Re: Extracting subtitles

Post by sP1d3r »

geraldholdsworth wrote: Sat Feb 17, 2024 12:54 pm I want these subtitles, in the appropriate languages, in a text file with timecode markers.
Called a transcript, I believe.
Boydie
Posts: 770
Joined: Sat Oct 24, 2015 9:25 am
Location: Sunny Wigan
Contact:

Re: Extracting subtitles

Post by Boydie »

Ffmpeg? Don’t know if it preserves the timecodes, but there must be an option…

https://trac.ffmpeg.org/wiki/ExtractSubtitles

VLC can allegedly do it as well. Apparently Handbrake can too.
User avatar
geraldholdsworth
Posts: 1406
Joined: Tue Nov 04, 2014 9:42 pm
Location: Inverness, Scotland
Contact:

Re: Extracting subtitles

Post by geraldholdsworth »

Tried Handbrake - couldn't work out how to get it to do it.
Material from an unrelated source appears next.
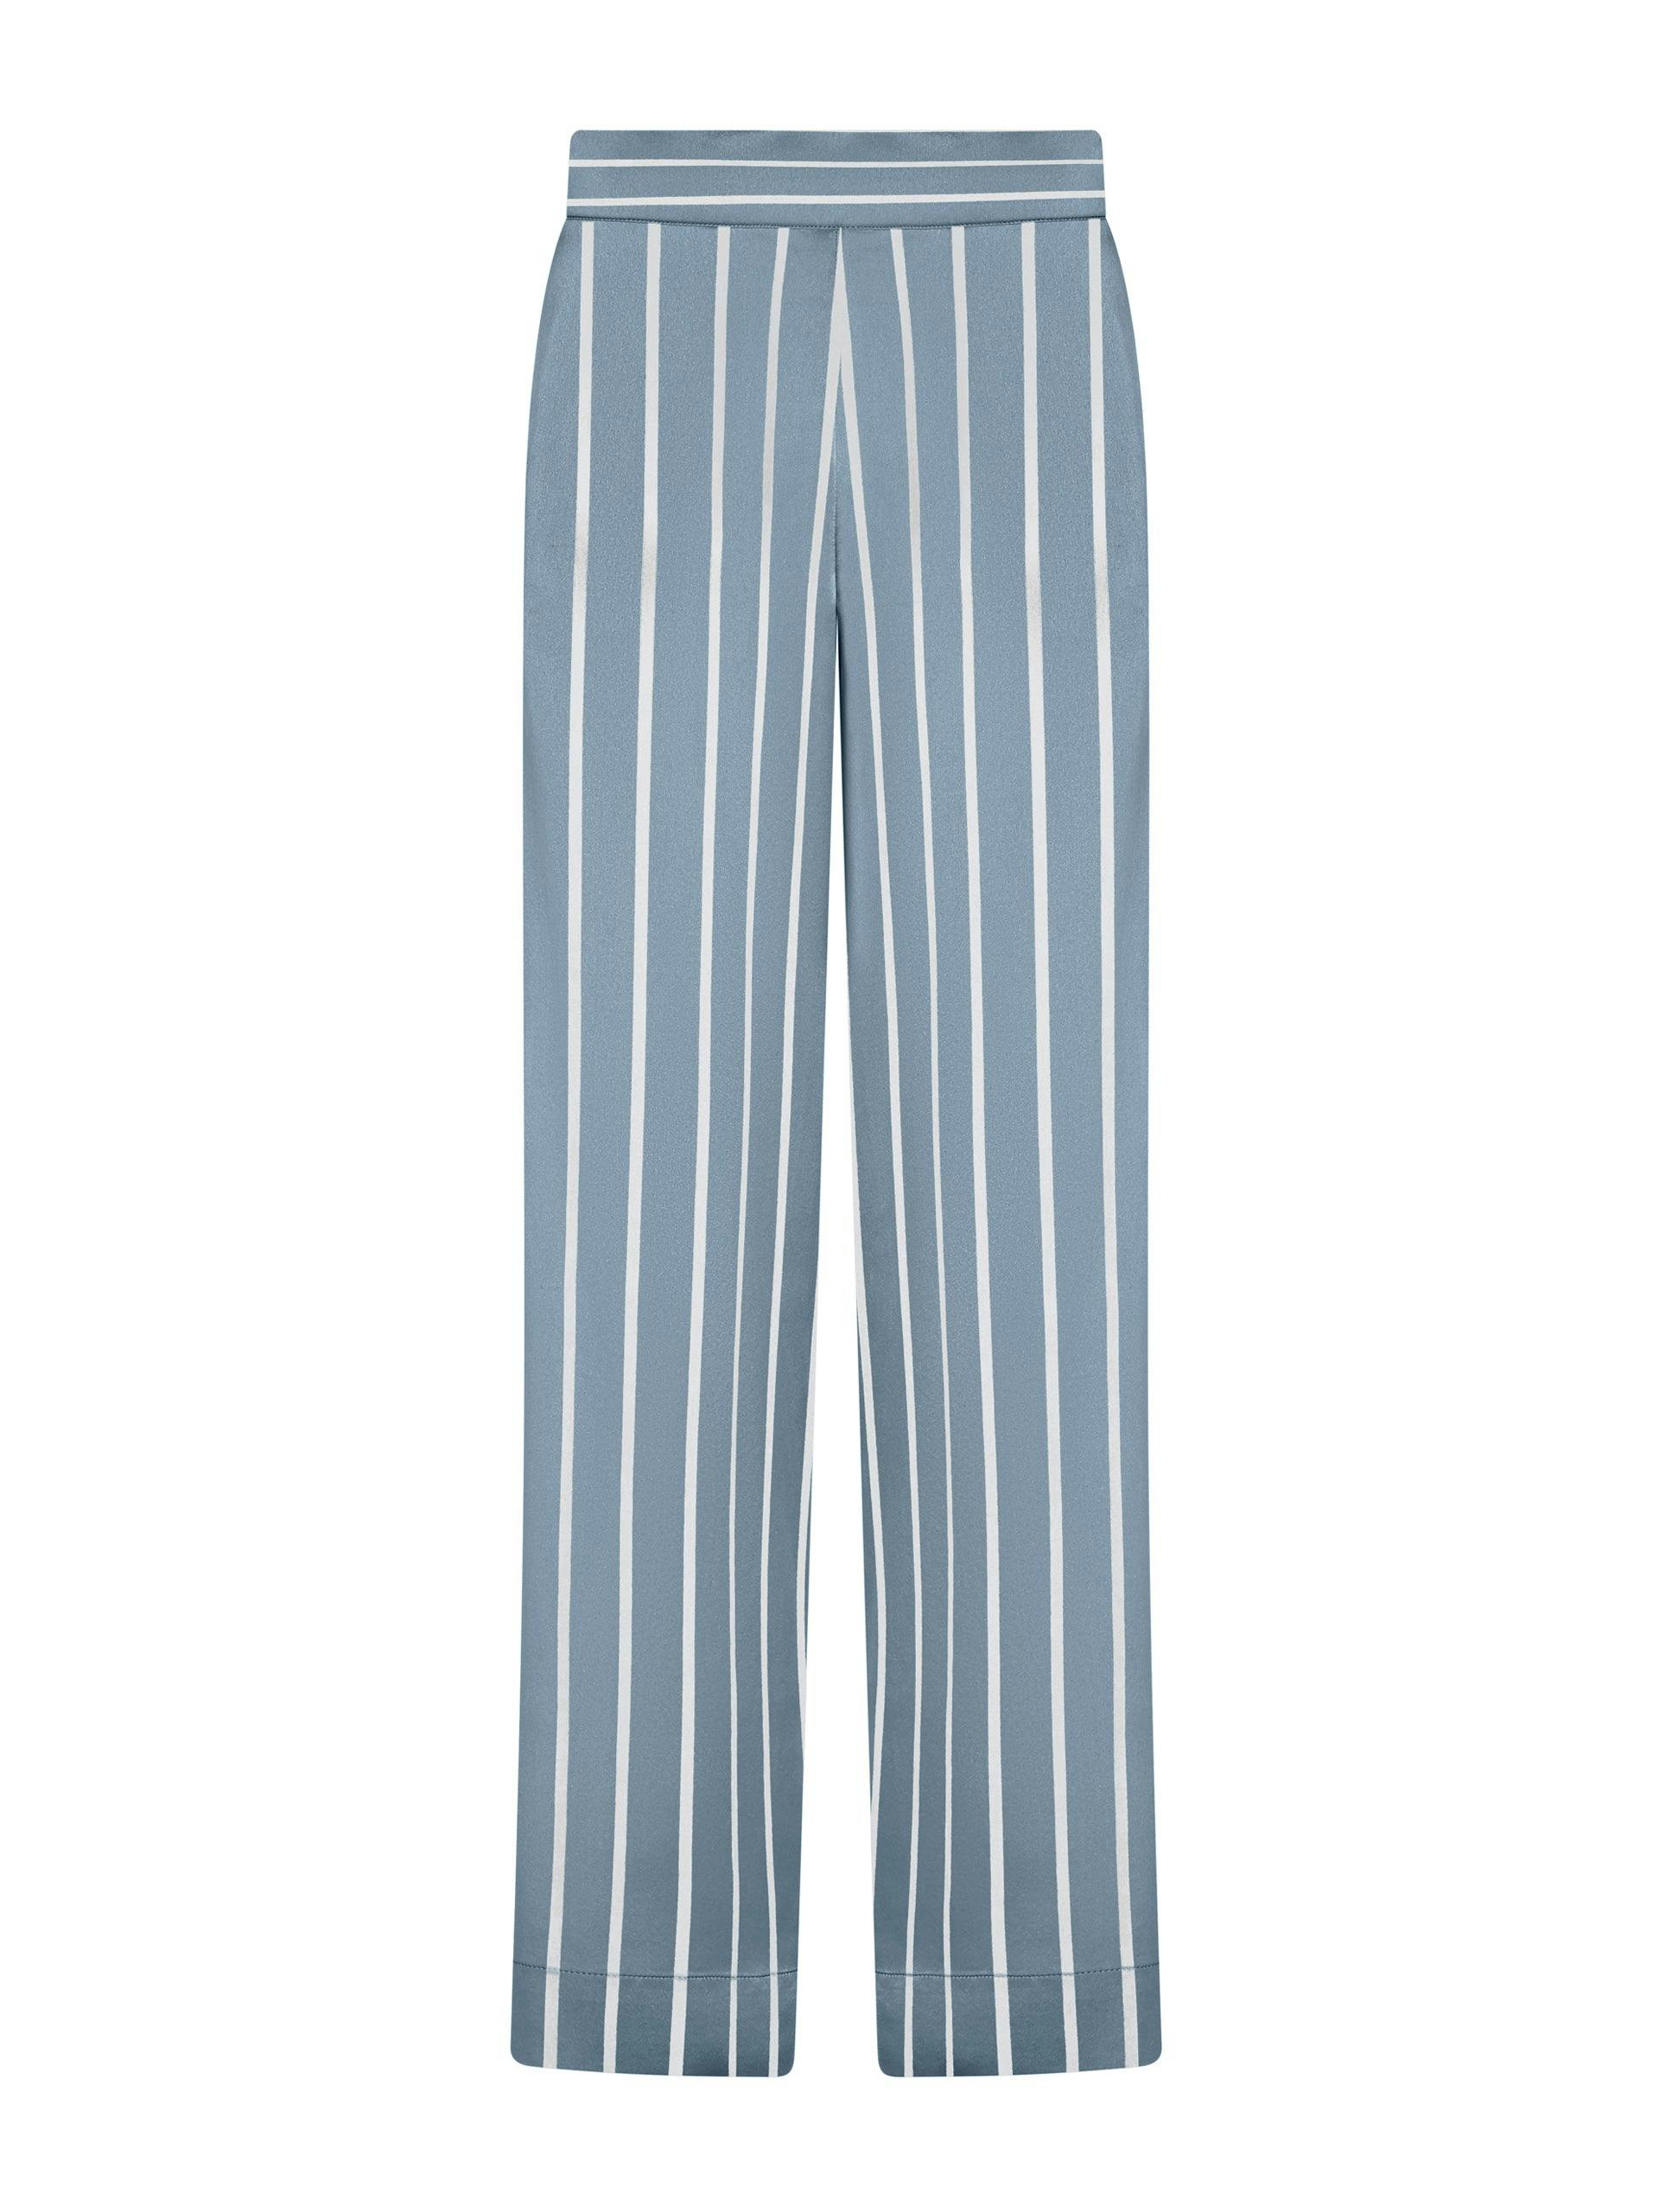 London dust blue striped silk pyjama bottoms

Couldn't figure out how to install ffmpeg. Then I found out I can do it through homebrew. Still won't touch the subtitles. It claims that there isn't any...but there is. Apparently, 16 languages - only need the 6 of them (well, the client says we don't need Japanese, so that makes it 5).
Gerald Holdsworth, CTS-D
Extron Authorised Programmer
https://www.geraldholdsworth.co.uk
https://www.reptonresourcepage.co.uk
Twitter @radiogezza
Boydie
Posts: 770
Joined: Sat Oct 24, 2015 9:25 am
Location: Sunny Wigan
Contact:

Re: Extracting subtitles

Post by Boydie »

Is the VOB all you have, or do you have a DVD (either physical or iso)?
It seems not all subtitle data on DVDs is stored in the VOB; some is stored in other files. Players such as VLC seem to be able to cope without the missing data, but transcoders are apparently more fussy.
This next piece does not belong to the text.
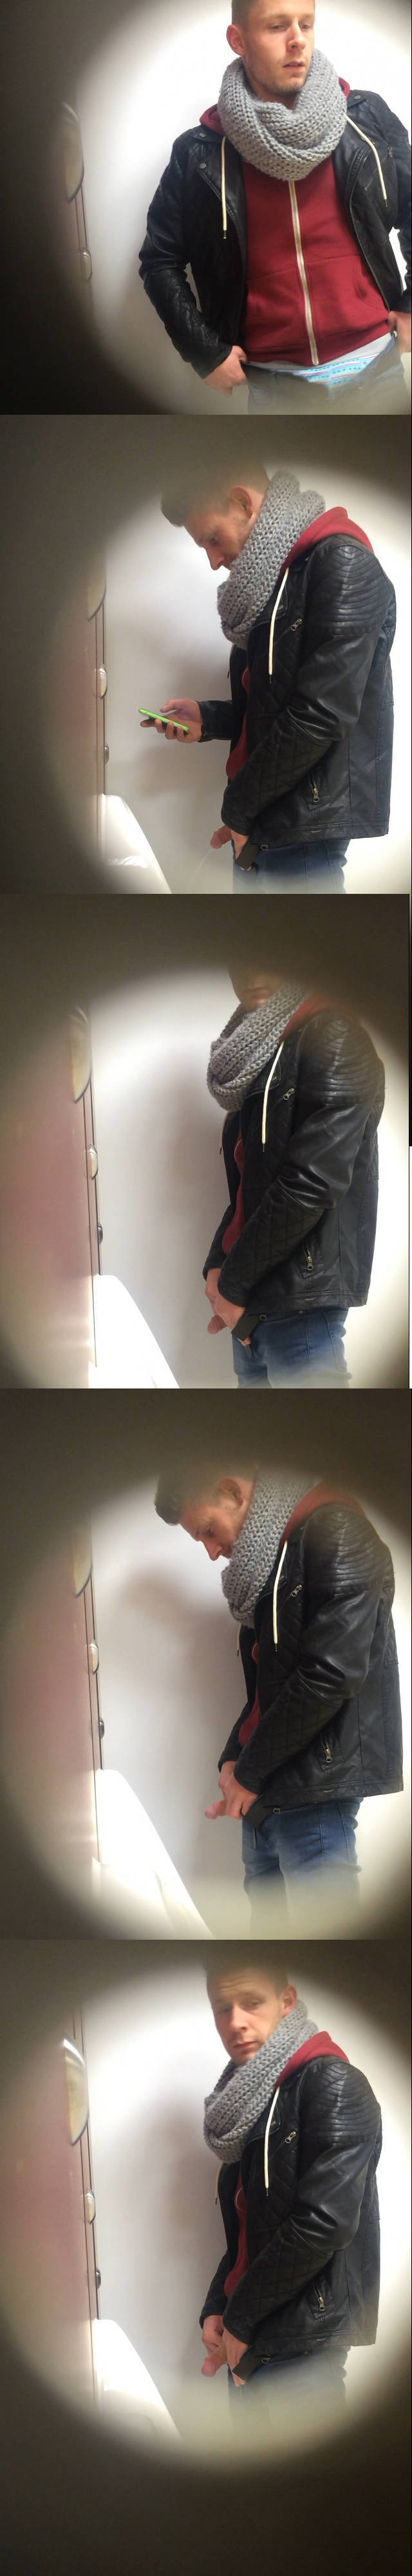 hidden cam guy caught peeing public urinal

If you have the “DVD”, maybe try transcoding the relevant title(s) into individual container file(s) such as mkv (remembering to include the subtitles). Hopefully ffmpeg will have more luck in finding the subtitle data in the mkv than vob.
Vivoii
Posts: 1
Joined: Sun Feb 18, 2024 10:03 am
Contact:

Re: Extracting subtitles

Post by Vivoii »

There are various tools for subtitle extraction but if you want them as a text file you’ll need optical character recognition (OCR) software as well.

The best tool I’ve used for both extraction and OCR is Subtitle Edit (freeware). It’s for Windows and Linux, but I’ve used it on a Mac, running within Crossover (an app that lets you run Windows software without installing a virtual machine).
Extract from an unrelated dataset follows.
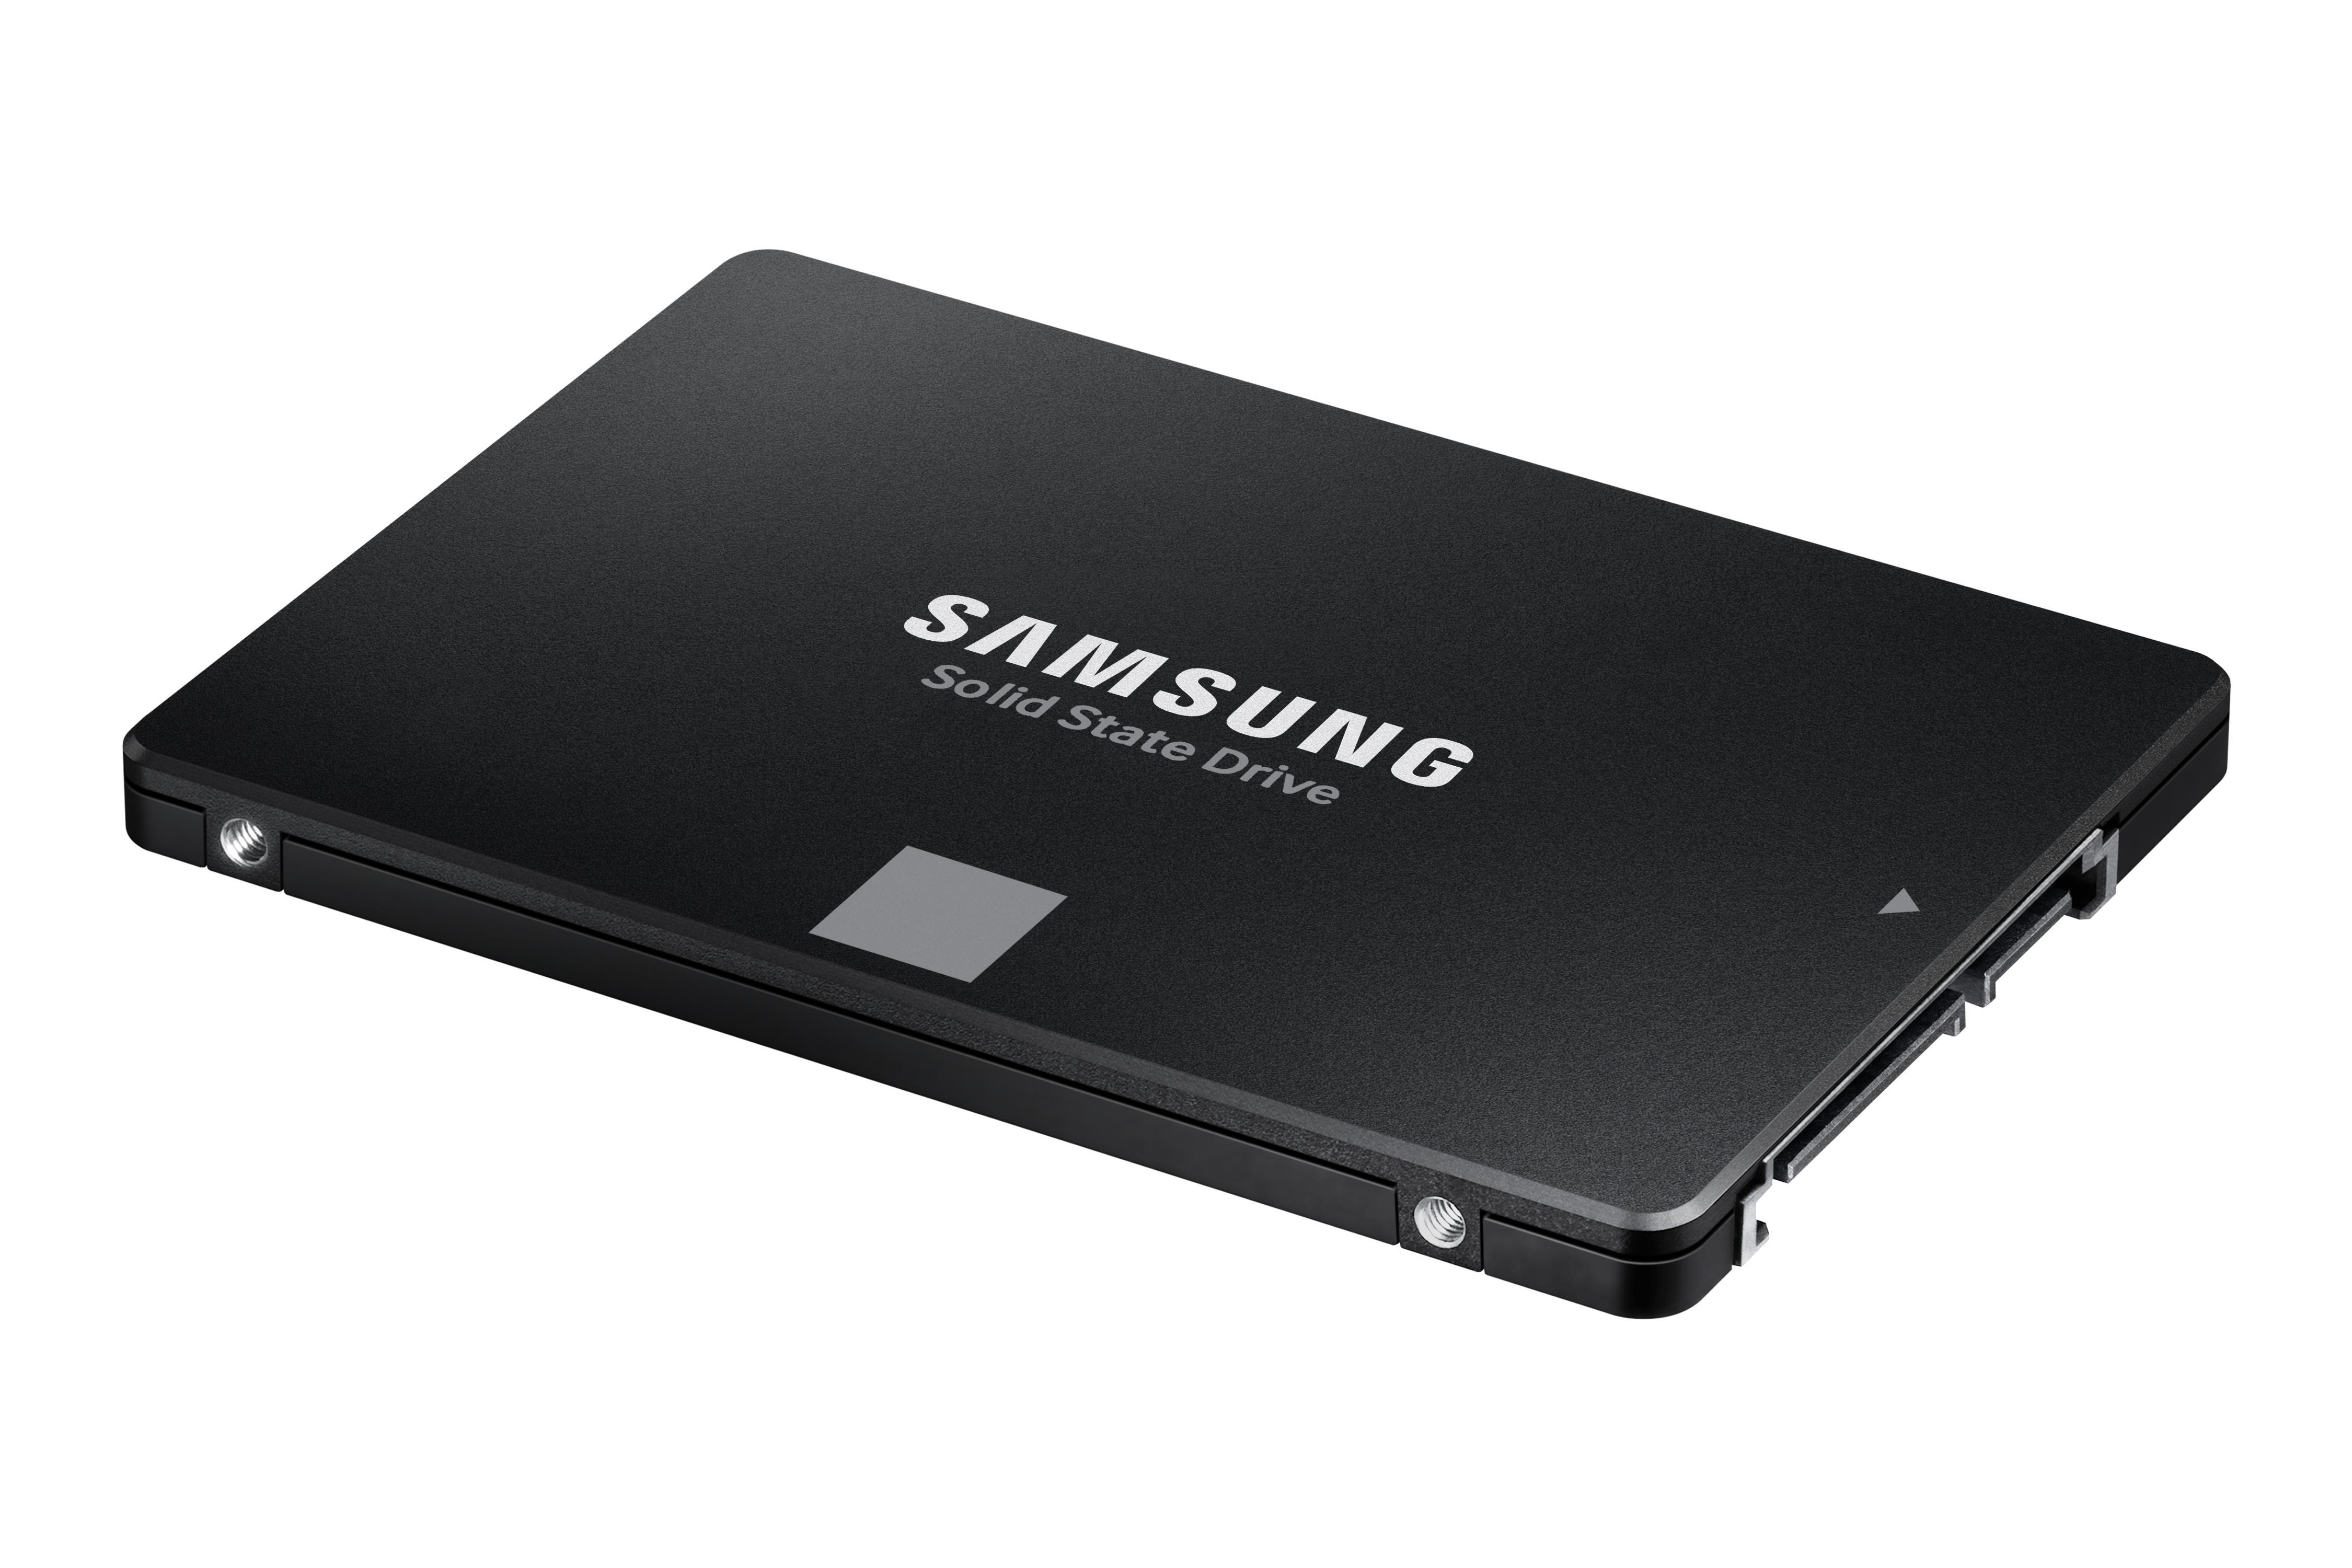 SAMSUNG 870 EVO SSD Gbps, TB SATA 6 2 Zoll, 2,5 Festplatte Retail, intern

There’s a guide here: https://iamscum.wordpress.com/guides/ocr/
sP1d3r
Posts: 769
Joined: Fri Aug 23, 2019 2:40 am
Contact:

Re: Extracting subtitles

Post by sP1d3r »

This relies on Windows programs to extract the subtitles but they'd subsequently need converting into a transcript which may not be possible;

https://www.youtube.com/watch?v=ru1aDajSe9g
sP1d3r
Posts: 769
Joined: Fri Aug 23, 2019 2:40 am
Contact:

Re: Extracting subtitles

Post by sP1d3r »

Perhaps converting into a Youtube video and then using Youtube transcription would work.
User avatar
scruss
Posts: 653
Joined: Sun Jul 01, 2018 4:12 pm
Location: Toronto
Contact:

Re: Extracting subtitles

Post by scruss »

geraldholdsworth wrote: Sat Feb 17, 2024 11:56 pm Couldn't figure out how to install ffmpeg. Then I found out I can do it through homebrew. Still won't touch the subtitles. It claims that there isn't any...but there is.
What does ffmpeg -i yourfile.vob say about subtitles? If it can't find subtitle text streams, then your client's video file has the subtitles "burned in" as image frames with no explicit text. Those require the OCR tricks described above, and lots and lots of proof-reading. This can be expensive and slow to get right.
User avatar
geraldholdsworth
Posts: 1406
Joined: Tue Nov 04, 2014 9:42 pm
Location: Inverness, Scotland
Contact:

Re: Extracting subtitles

Post by geraldholdsworth »

Boydie wrote: Sun Feb 18, 2024 1:23 am Is the VOB all you have, or do you have a DVD (either physical or iso)?
I've got a ripped copy of the DVD (so I've got the IFO and BUP files too in a VIDEO_TS folder. I can get hold of the physical DVD.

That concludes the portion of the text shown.